You made a great choice. I played a few d40 at L&M in Toronto and fell in love. I think these were a custom order for L&M.
ENJOY.


----------



## lolligagger (Feb 4, 2006)

*D-40 Pics*

Okay, here are some pics...


----------



## Stephen W. (Jun 7, 2006)

IM Canadian said:


> You made a great choice. I played a few d40 at L&M in Toronto and fell in love. I think these were a custom order for L&M.
> ENJOY.


I concur, very nice indeed. And being the satin finish it's Canadian built. :smilie_flagge17: 
I do not believe the D-40's to have been special though L&M did commission fifty L-05's for their 50th anniversary sale.

I must have played two dozen guitars myself on Saturday, (Guitar World in Cobourg and L&M in Oshawa). I was trying to sooth my sorrow on losing out on one guitar by buying another.

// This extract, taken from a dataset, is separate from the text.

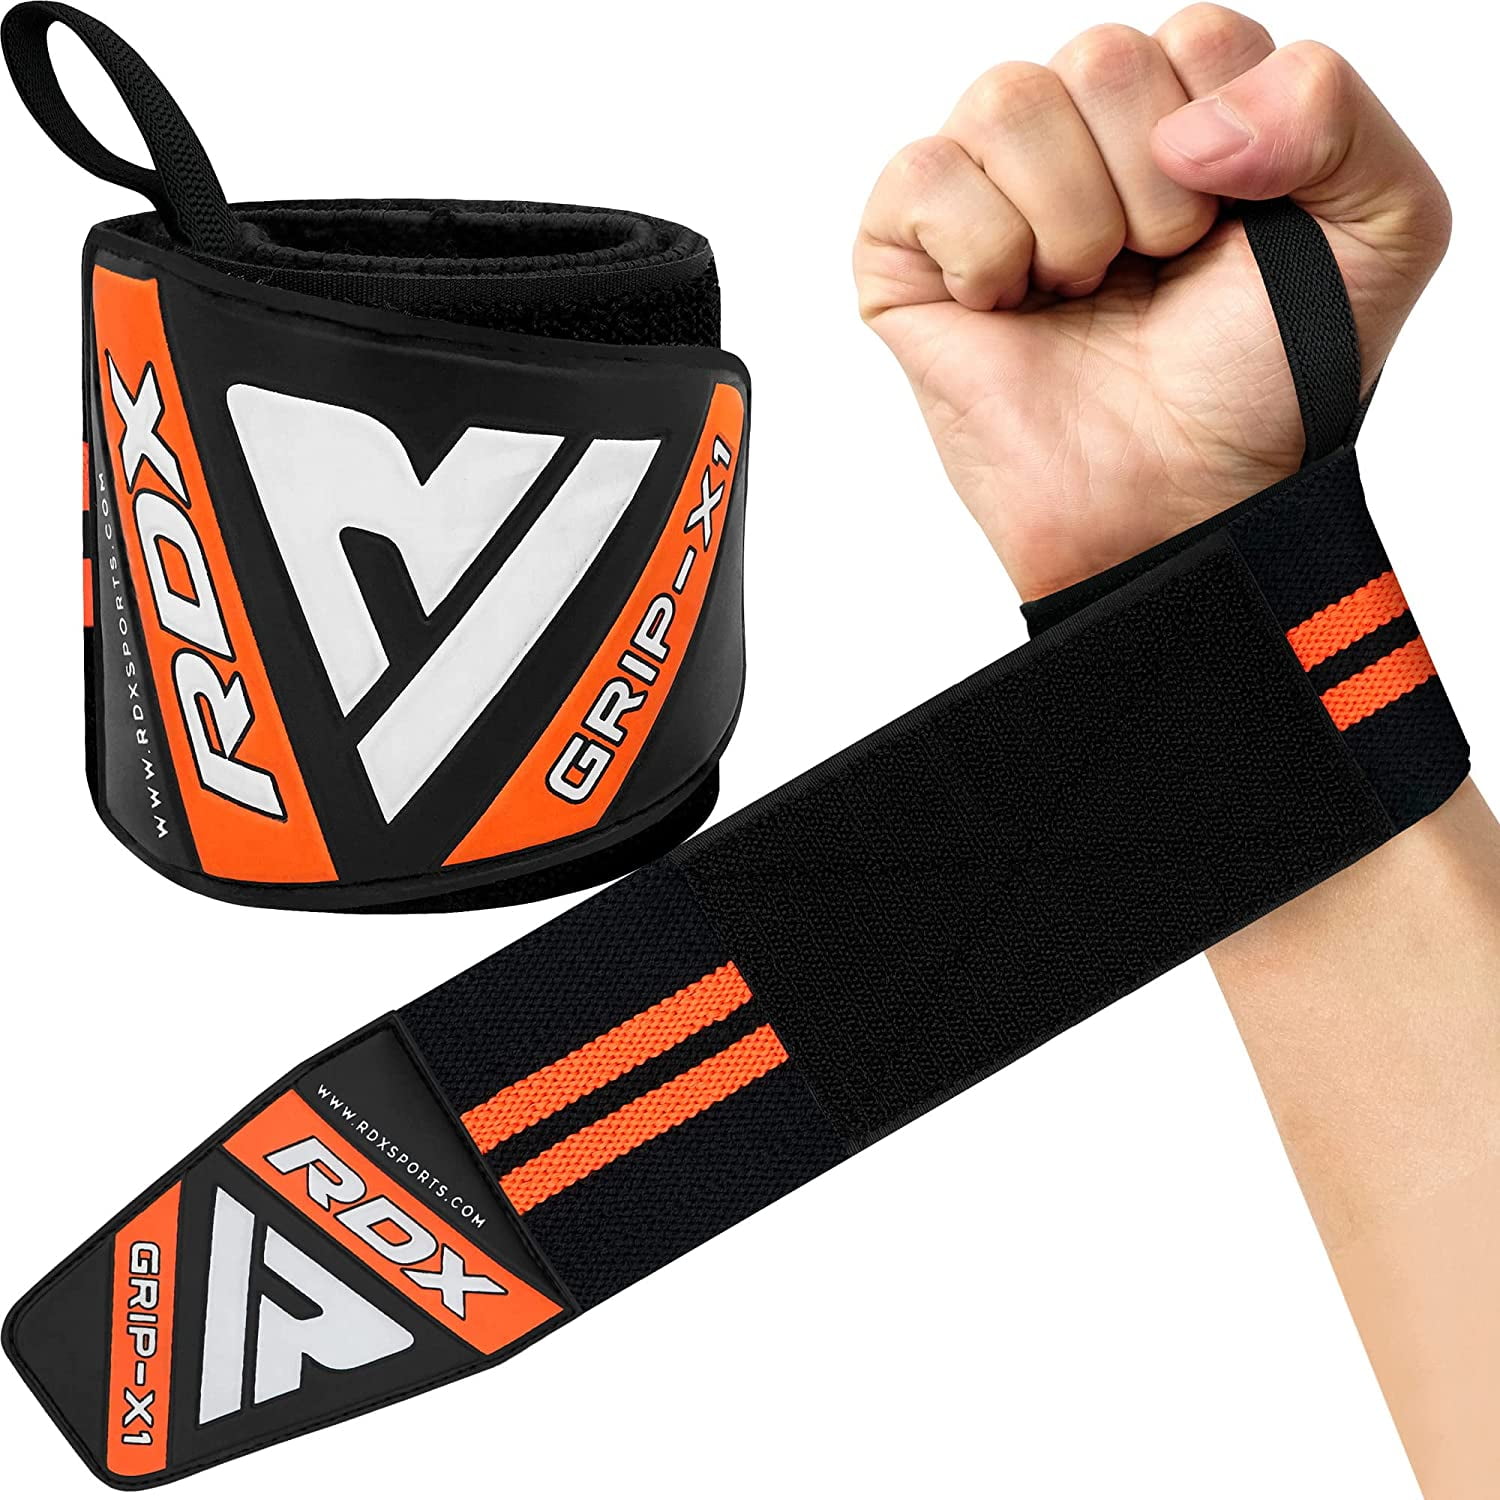 THE ULTIMATE LIFTING SUPPORTERS PAIR WEIGHTLIFTING HOOK WRIST SUPPORT LIFTUPS™

Ended up with the GNX4 Guitar Workstation instead. Not sure what an acoustic player needs with effects pedals but I've got 30 days to play with it to figure that out.  Bahahahaha
Back to Larrivee's, by far the best sounding guitar I played on Saturday was a D-60. Unfortunately I need a wider neck for my fat little fingers.
Biggest surprise was a Cort that I played. Not sure of the model but it had surprising tone with dual electrics (under saddle + internal mic) and on-board EQ for around $1300. Still it didn't match the D-60.


----------



## GuitarsCanada (Dec 30, 2005)

That's a real nice guitar there lolligagger. Super nice finish on that one. Sometimes you have to bite the bullet for the guitar you really want.


----------



## lolligagger (Feb 4, 2006)

*Exclusive to L&McQ*

Thanks for the feedback all! Brian Trepanier of Larrivee customer service replied to my email today and confirmed the D-40 is exclusive to Long and McQuade. I should have asked how many were actually produced...


----------